The fluid of Example 9.1 boils while flowing vertically upward through a 1-in., 14 BWG tube (ID = 2.12 cm) with a mass flux of 300 kg/m²· s. At a point in the tube where the wall temperature is 453.7 K, the pressure is 310.3 kPa and the quality is 0.2, calculate the heat-transfer coefficient using:
(a) Chen’s method.
(b) Chen’s method with the Mostinski correlation for nucleate boiling.
(c) The Gungor–Winterton correlation.
(d) The Liu-Winterton correlation.
(a) The first step is to calculate the heat-transfer coefficient for forced convection using Equation (9.75). The Reynolds number is based on the flow rate of the liquid phase alone, and fluid properties are obtained from Example 9.1.

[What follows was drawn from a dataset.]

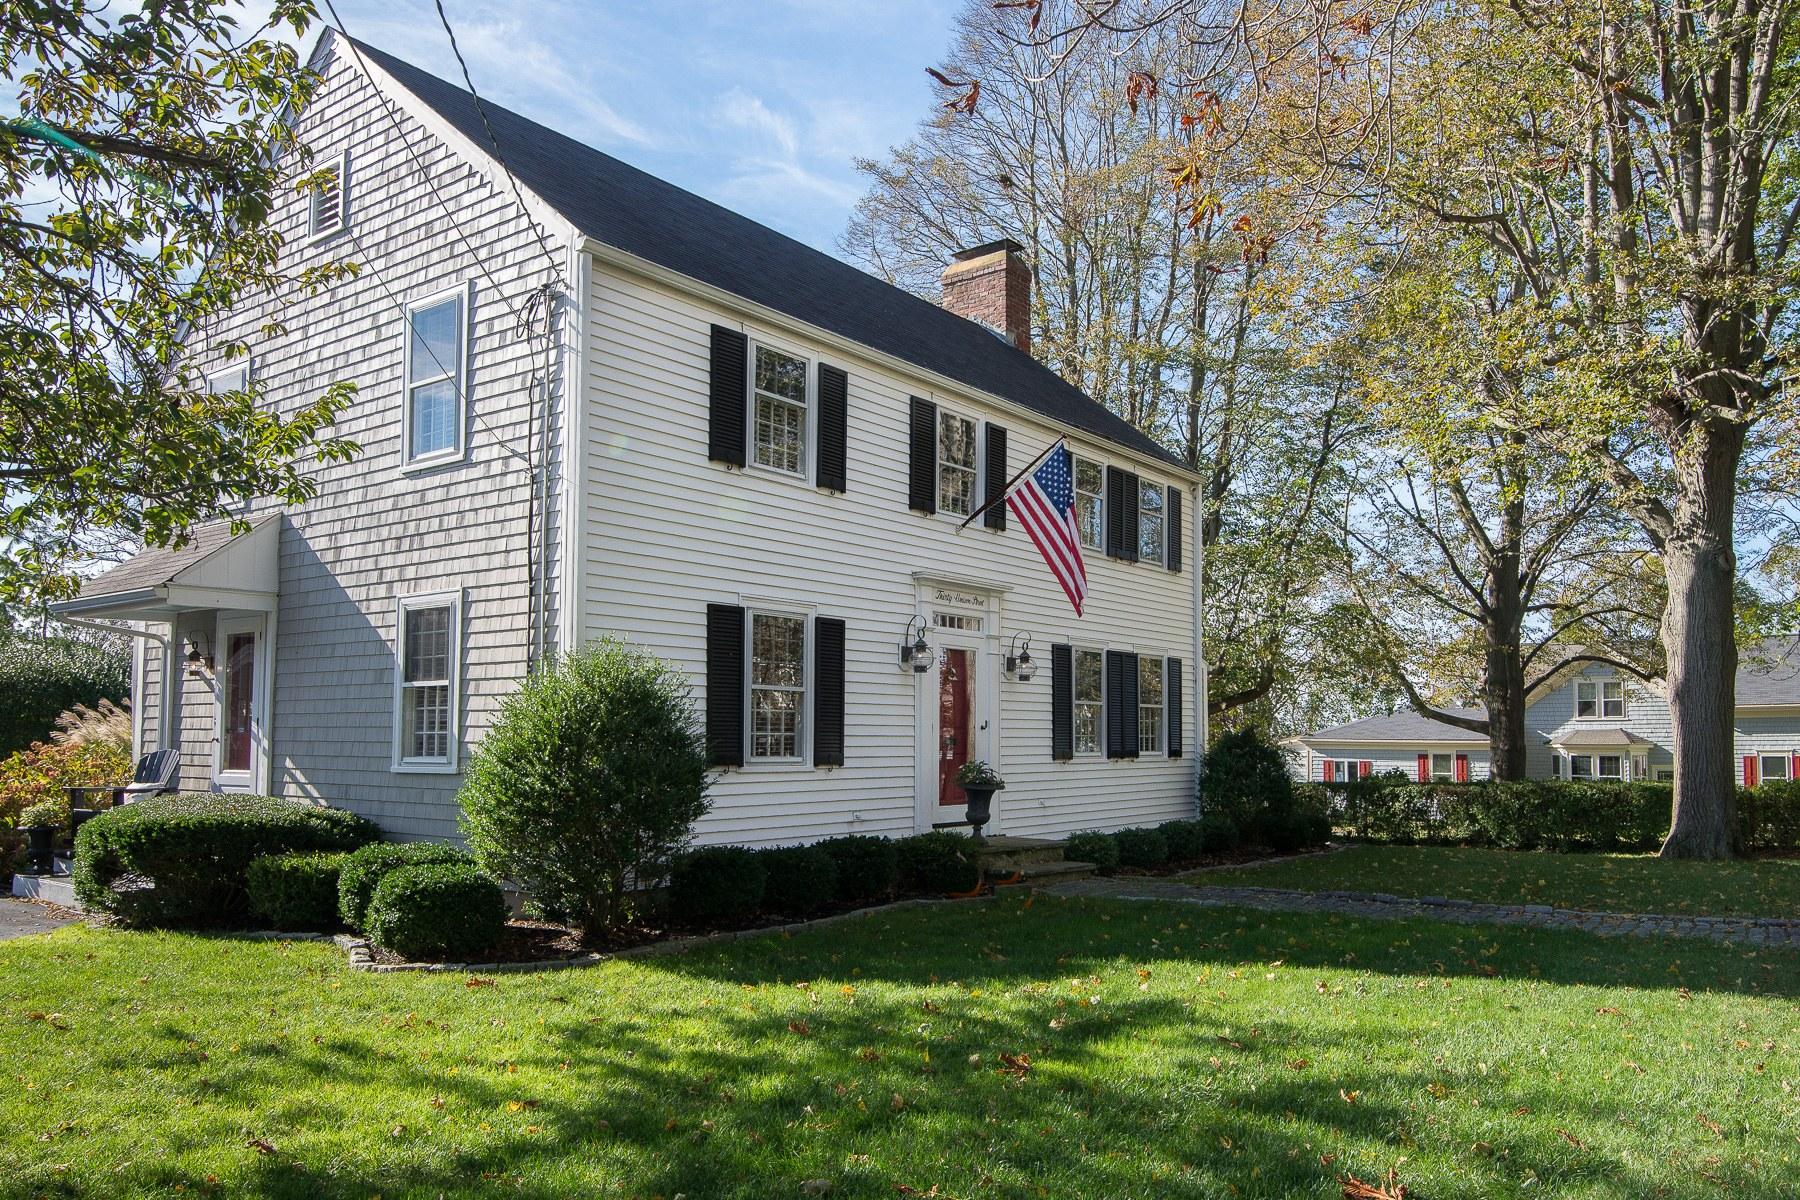 Casa Unifamiliar por un Venta en 30 Union St, Bristol, RI Bristol, Rhode Island 02809 Estados Unidos
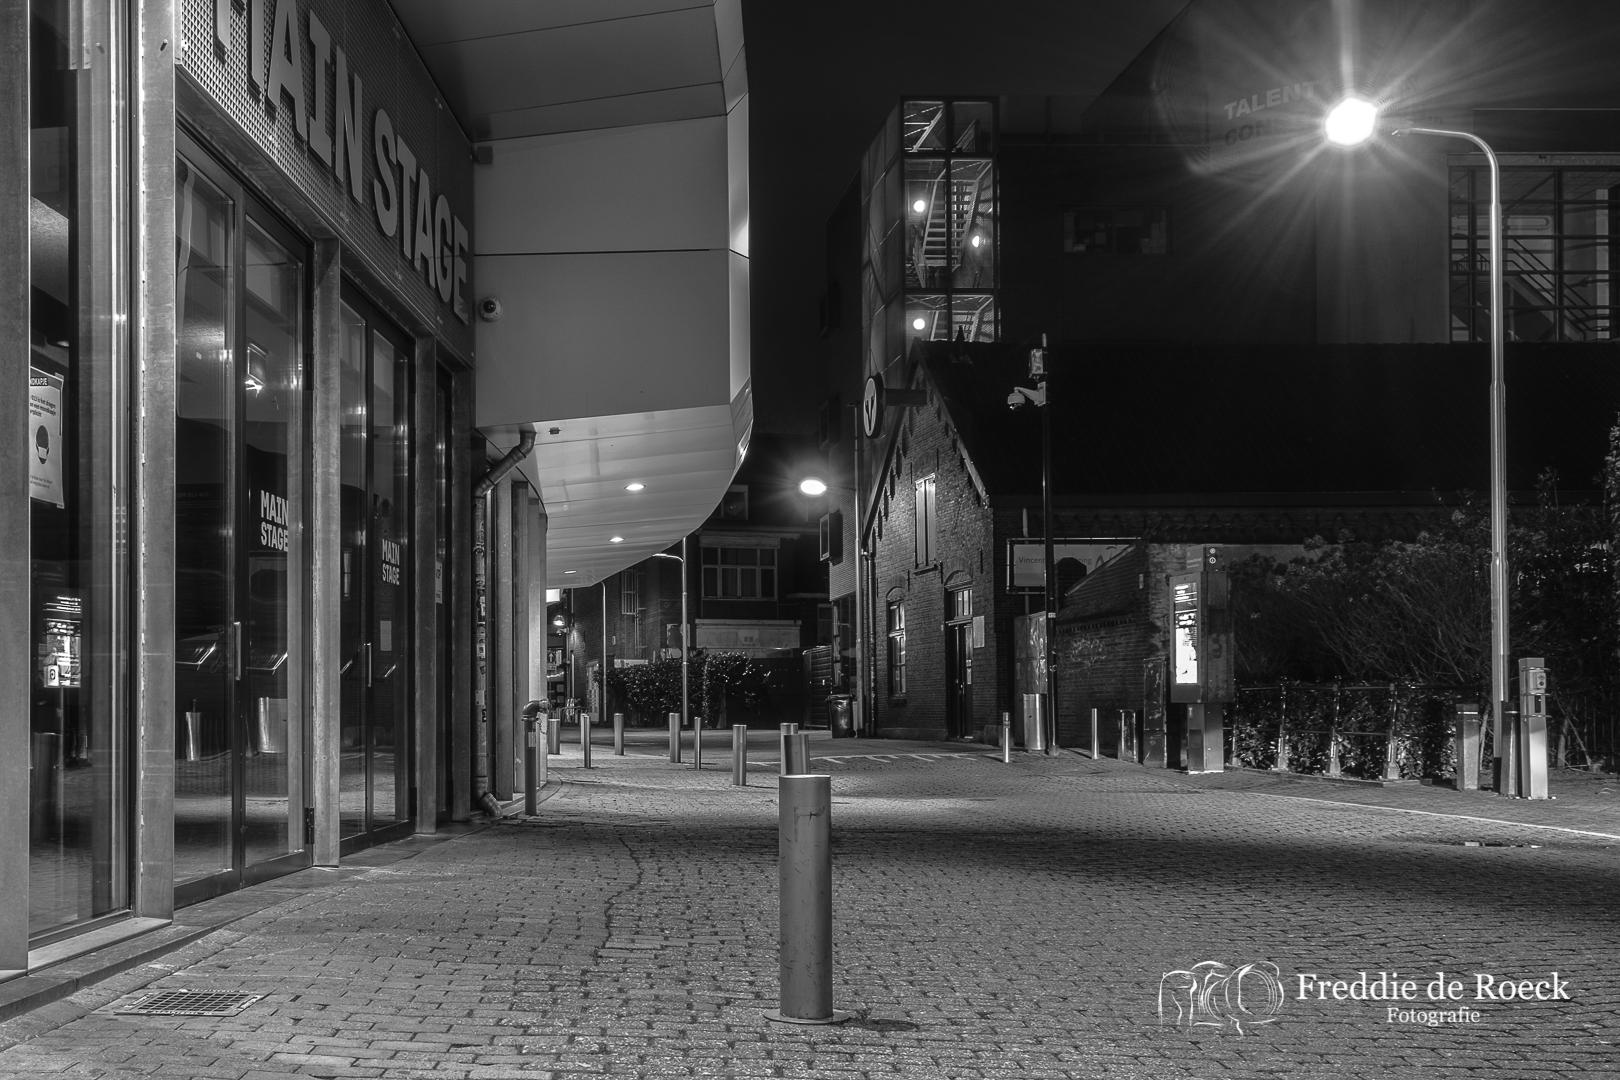 Stadsbrouwerij 013 _  _  29 jan 2021 _ Foto _ Freddie de Roeck _   5_JPG

R e_{L}=\frac{D_{i} G_{L}}{\mu_{L}}=\frac{0.0212 \times 0.8 \times 300}{156 \times 10^{-6}}=32,615
P r_{L}=\frac{C_{P, L} \mu_{L}}{k_{L}}=\frac{2730 \times 156 \times 10^{-6}}{0.086}=4.9521
h_{L}=0.023\left(k_{L} / D_{i}\right) \operatorname{Re}_{L}^{0.8} \operatorname{Pr}_{L}^{0 . 4}
=0.023(0.086 / 0.0212)(32,615)^{0.8}(4.9521)^{0.4}
h_{L}=722 W / m ^{2} \cdot K
Next, the Lockhart–Martinelli parameter is calculated using Equation (9.37).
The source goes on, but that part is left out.